В ордере на его арест было сказано: «Подозревается в том, что, будучи членом КПСС, умышленно осуществляя политику другого государства (СССР), намеревался незаконно изменить конституционный строй Литвы». Не увидеть нестыковок было невозможно: в январе 1991-го Литва официально была частью СССР, а закон, в нарушении которого обвиняют Головатова, приняли через 12 лет после случившегося. Но нет: преступление не имеет срока давности, решили в литовской прокуратуре, переквалифицировав его в «преступление против человечности». И Литва начала отлов «бывших» по всему свету. Поймать удалось только танкиста Юрия Меля, который теперь отдувается за всех. Список назначенных врагами до последнего времени не обнародовался – его приходилось выцарапывать по буковке.
Что с того, что Генпрокурор СССР Николай Трубин еще в мае 1991-го написал в информационной записке Верховному Совету, что никаких подтверждений того, что 13 гражданских лиц погибли от рук советских военнослужащих, литовская сторона не предоставила, что по крайней мере 6 потерпевших были убиты сверху и в спину, минимум двое задавлены автомобилями, а – вовсе не танками, еще у одного человека был инфаркт миокарда и в одном случае 7 выстрелов были произведены в уже мертвое тело (Антанаса Шимулениса – Г. С)? Расследование не продолжили, потому что развалилась страна, а после путча все 37 томов оригиналов уголовного дела были переданы Литве под завывания о вечной дружбе. И если бы не слова Альгирдаса Палецкиса и свидетелей, которых он привел в суд, – правда о событиях у вильнюсской телебашни так навсегда и осталась бы похороненной под обломками СССР, на руинах которого возвели новые корпуса институтов политических репрессий.
«Почему же вы столько лет молчали?» – задавала я один и тот же вопрос всем, кого я встречала в Литве: свидетелям на суде, таксистам, торговкам на рынке.
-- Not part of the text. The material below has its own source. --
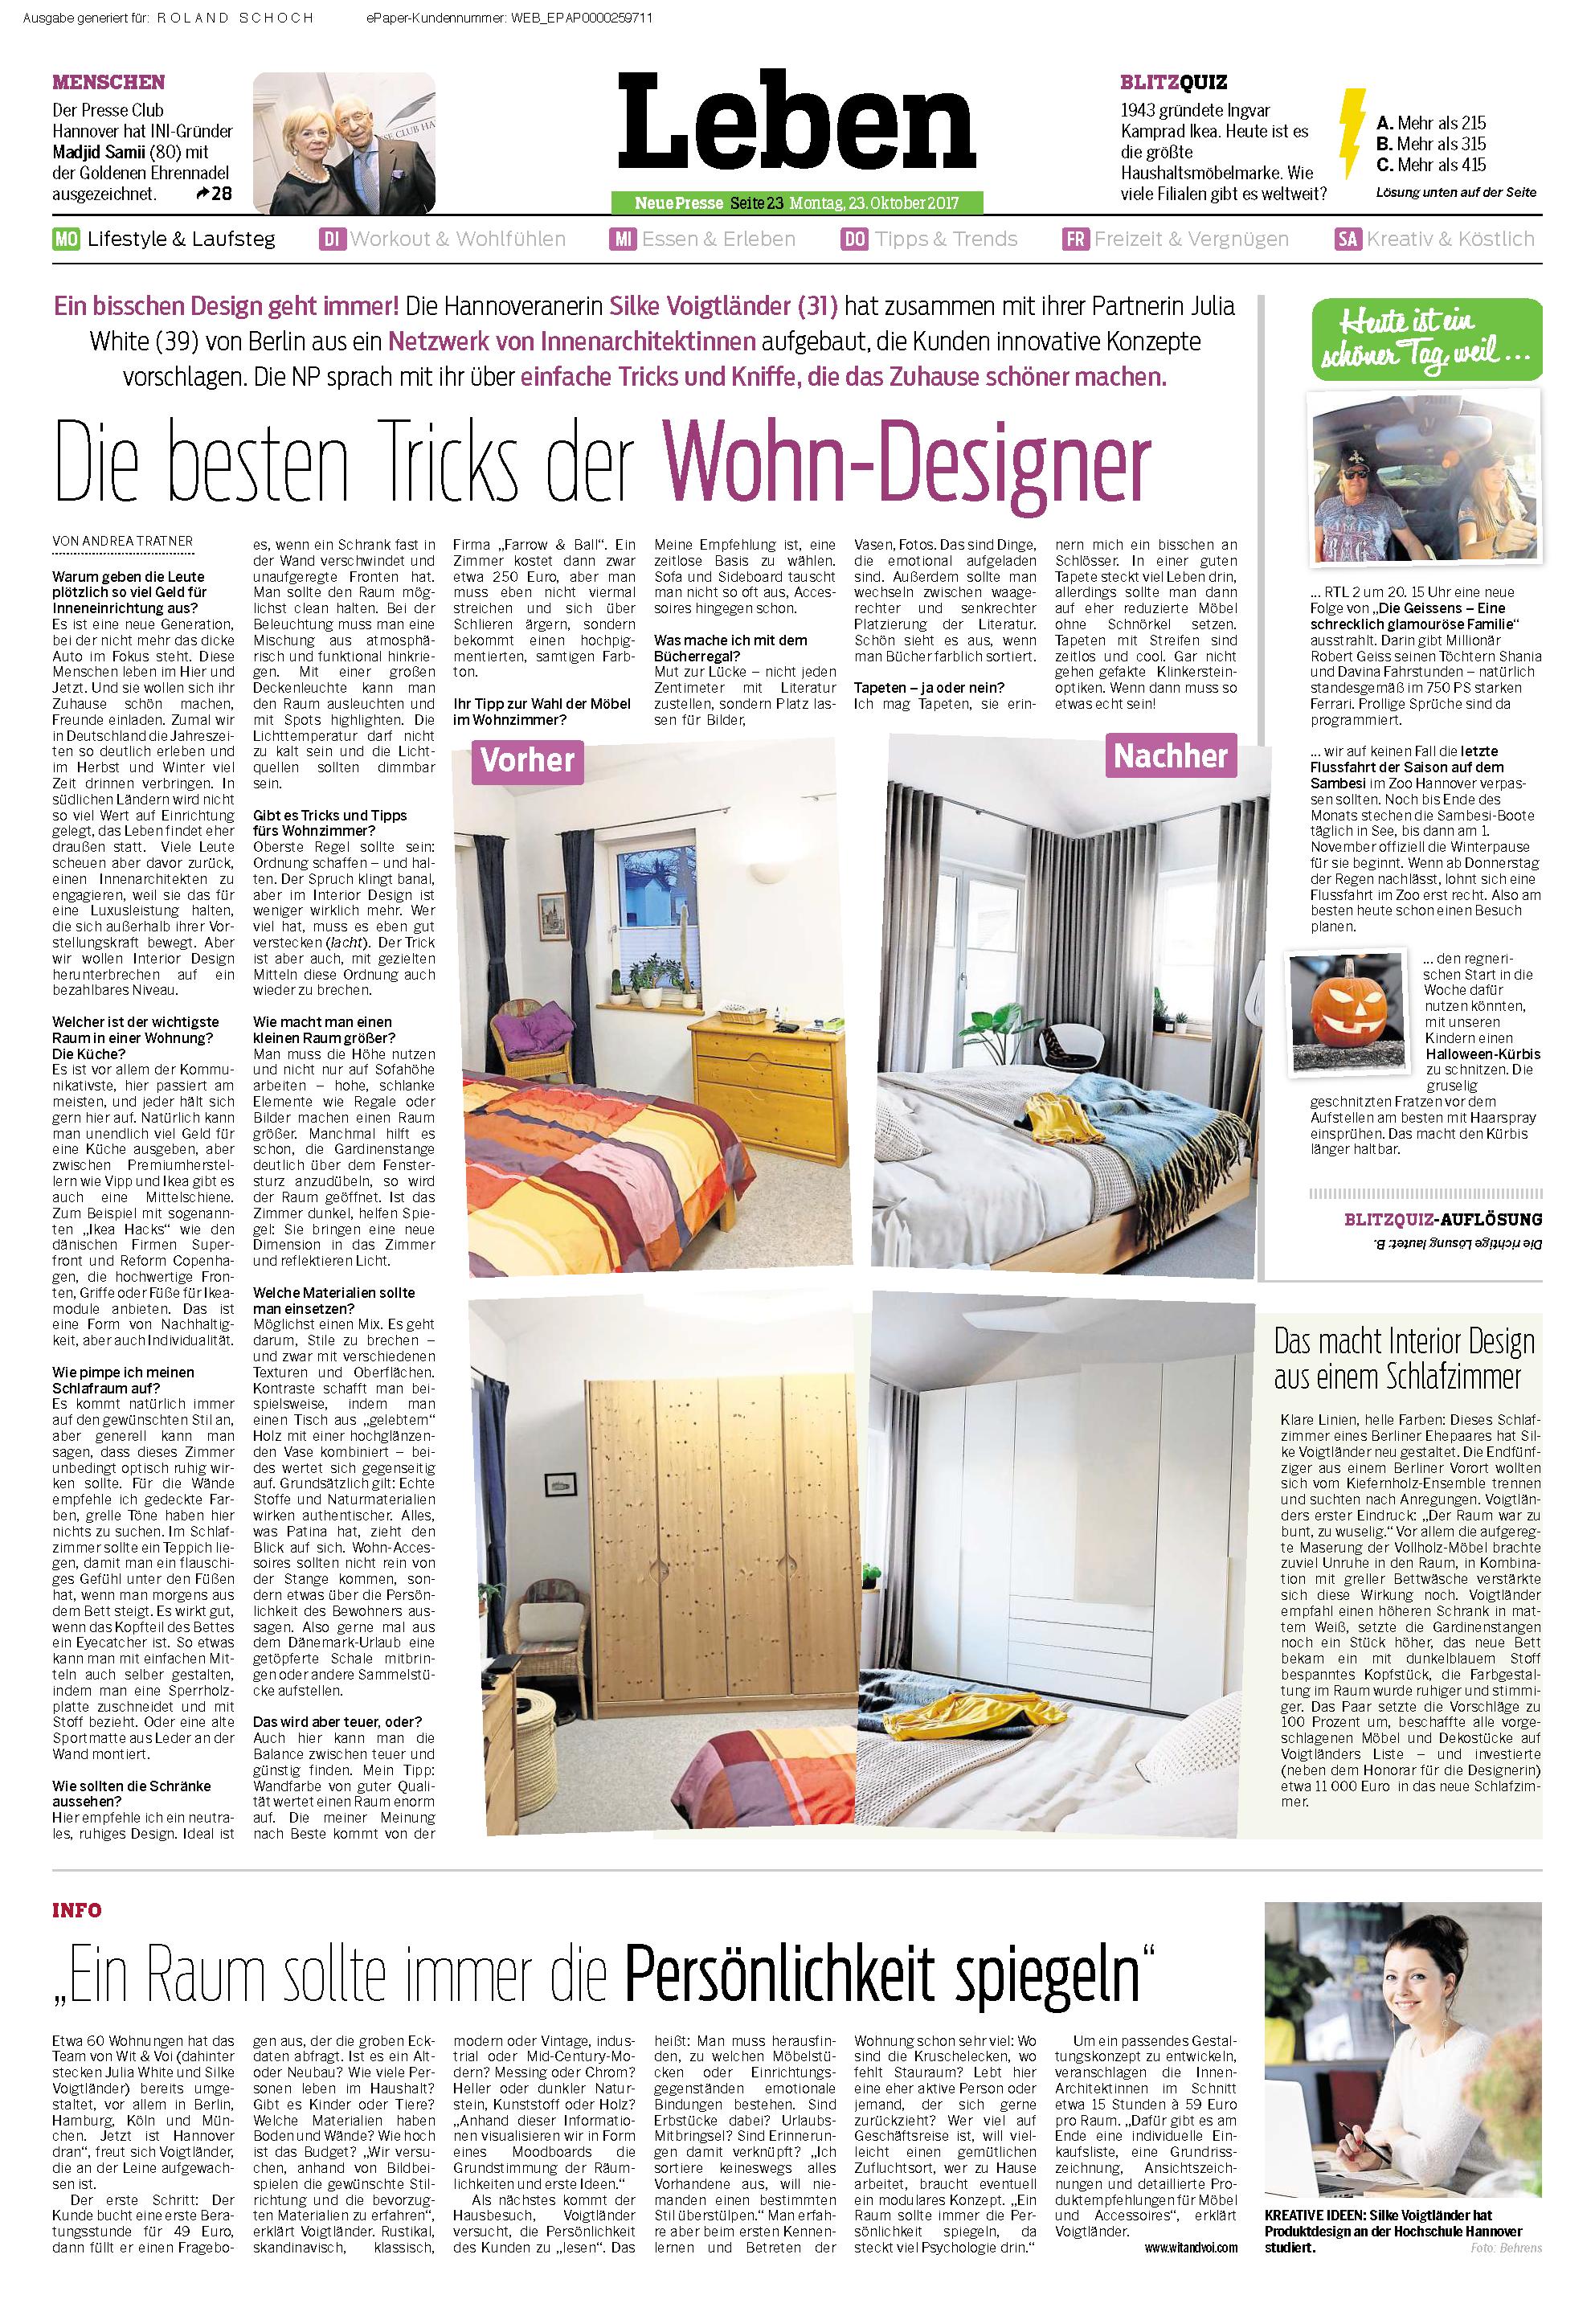 Neue Presse - Die besten Tricks der Wohn-Designer

Всем, кто все эти годы знал и про снайперов, и про крыши.
«Потому что хотели независимости», – отвечали мне при включенном диктофоне.
«А почему сейчас начали говорить»?
«Потому что независимость оказалась хуже русского гнета», – говорили при выключенном…
Что имели в виду?
За 20 лет независимости население Литвы уменьшилось почти на миллион человек. Эта брешь ощущается даже на улицах – они пусты. Уничтожены практически все промышленные заводы-гиганты, построенные во времена СССР. Производства нет. Из известных миру литовских брендов осталась только вильнюсская телебашня – как символ борьбы за свободу. Если Литву этого символа лишить, не останется ничего – ни борьбы, ни свободы.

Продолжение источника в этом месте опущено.